O Instituto Vladimir Herzog vem a público repudiar de forma veemente a posição de membros do atual governo em relação ao golpe militar de 1964, que hoje completa 56 anos.

Em ordem do dia publicada neste 31 de março de 2020, o ministro da Defesa do Governo Federal, general do Exército Fernando Azevedo e Silva, classificou o golpe como um “marco para a democracia”. Mais tarde, o vice-presidente da República, o general de reserva do Exército Hamilton Mourão, se expressou em uma rede social dizendo que a ditadura militar promoveu “reformas que desenvolveram o Brasil”.

O atual governo, mais uma vez, manifesta uma posição absolutamente incompatível com o Estado Democrático de Direito, falseia a história e avilta o direito à memória e à verdade, previsto na Constituição.

Tal conduta não pode passar desapercebida e, por isso, nos somaremos a outras entidades para denunciar mais esta afronta à democracia a instâncias nacionais e internacionais, na expectativa de que medidas cabíveis sejam tomadas.

Definir o golpe de Estado e os 21 anos da ditadura militar como um “marco para a democracia” ou dizer que foram promovidas “reformas que desenvolveram o Brasil” é negar a gravidade dos atos cometidos durante esse período sombrio, marcado por violência, tortura, autoritarismo, corrupção, censura e gravíssimas violações de direitos humanos perpetradas contra cidadãos em todo o país.

Ao promoverem esse revisionismo histórico grosseiro e valorizarem o que aconteceu a partir de 1964, o ministro da Defesa e o vice-presidente evidenciam uma total dificuldade de compreender o esforço civilizatório e a escolha da humanidade por um futuro que conjugue liberdade, justiça, respeito e promoção dos direitos humanos, e se pavimente nos verdadeiros ideais democráticos.

Há mais de uma década, nós do Instituto Vladimir Herzog – entidade que leva o nome de um jornalista brutalmente torturado e assassinado pelas forças de repressão que sustentavam a ditadura militar – exercemos a missão de fazer com que a sociedade conheça o passado para entender o presente e construir o futuro.

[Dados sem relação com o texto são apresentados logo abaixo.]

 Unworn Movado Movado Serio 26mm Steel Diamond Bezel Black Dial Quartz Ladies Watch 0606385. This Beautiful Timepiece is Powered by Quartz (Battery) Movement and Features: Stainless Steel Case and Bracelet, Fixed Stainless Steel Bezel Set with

Ainda hoje, no entanto, convivemos com o legado autoritário dos anos de chumbo, visível, por exemplo, na ausência de punição aos agentes públicos que perseguiram, torturaram, assassinaram e ocultaram cadáveres durante os 21 anos em que generais, passando-se por presidentes, governaram o país.

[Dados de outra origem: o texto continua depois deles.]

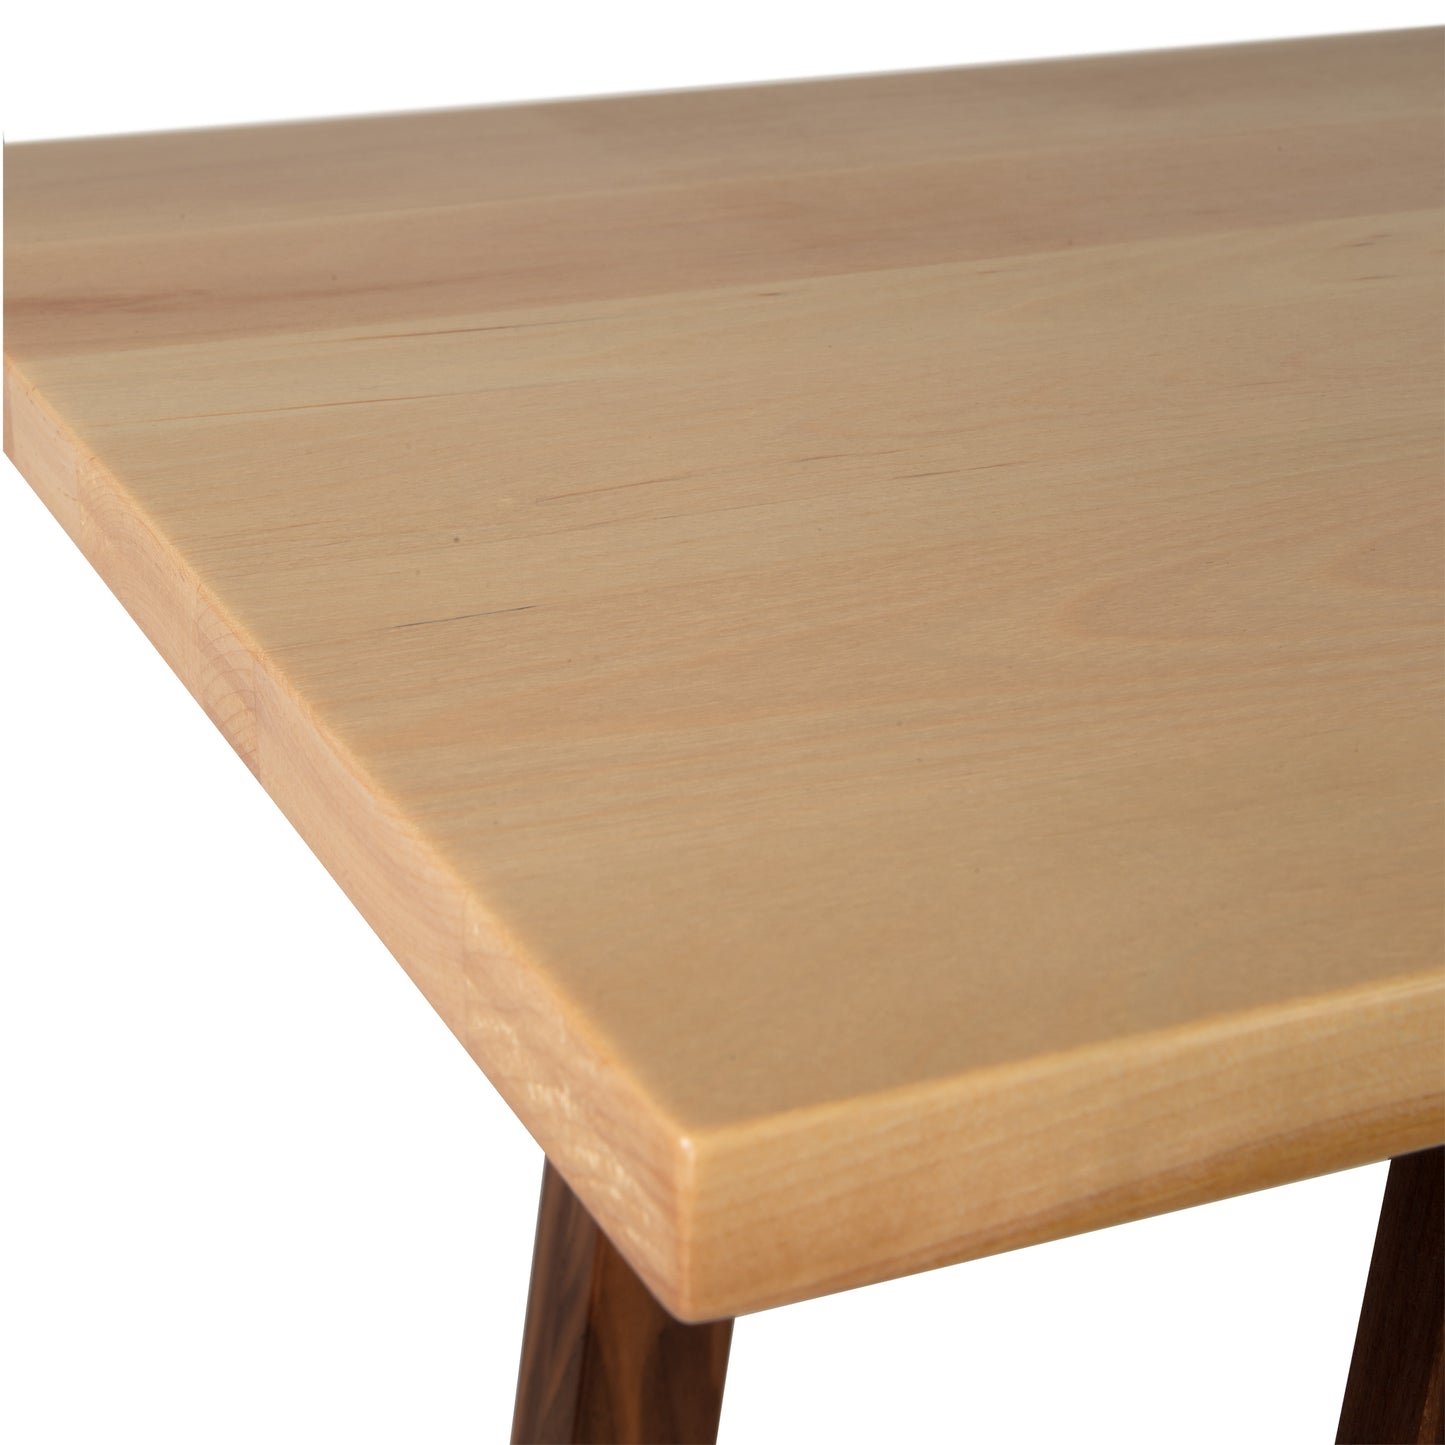 A close up of a wooden table with wooden legs.

Esse legado de impunidade e autoritarismo é o que permite que agentes do Estado sigam matando, torturando e desaparecendo com corpos de cidadãos brasileiros, em sua grande maioria de pessoas pobres, pretas e periféricas.

Isso evidencia, de forma preocupante, que a tarefa de consolidar a democracia no Brasil ainda está incompleta e é indissociável da necessidade de se garantir o direito à justiça, à memória e à verdade a todos que sofreram – e ainda sofrem – com as gravíssimas violações de direitos humanos cometidas no passado e no presente.

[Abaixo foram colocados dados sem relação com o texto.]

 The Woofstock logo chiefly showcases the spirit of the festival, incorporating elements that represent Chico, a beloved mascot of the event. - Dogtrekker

Marco para a democracia e desenvolvimento para o Brasil será o dia em que militares – e todos aqueles que sustentaram a ditadura por longos 21 anos – reconhecerem os crimes cometidos por integrantes das Forças Armadas entre 1964 e 1985 e pedirem perdão às vítimas, seus familiares e à toda sociedade.

Marco para a democracia e desenvolvimento para o Brasil será o dia em que o Poder Judiciário – atento ao fato de que a República Federativa do Brasil se constitui em um Estado Democrático de Direito e tem como fundamento a dignidade da pessoa humana – processar e, se demonstrada a responsabilidade, punir os muitos torturadores já identificados do período.

Por tudo isso, encaramos o dia 31 de março como uma oportunidade para homenagear as crianças que foram covardemente sequestradas, as mulheres que tiveram seus familiares assassinados e desaparecidos, os pais que viram seus filhos serem torturados, indígenas, camponeses, trabalhadores e todos aqueles que foram submetidos a tanta desigualdade e precarização da vida, especialmente nas periferias e nas favelas, mas lutaram bravamente – muitas vezes sacrificando a própria vida – contra a ditadura, em defesa da democracia e de uma sociedade mais justa e igualitária.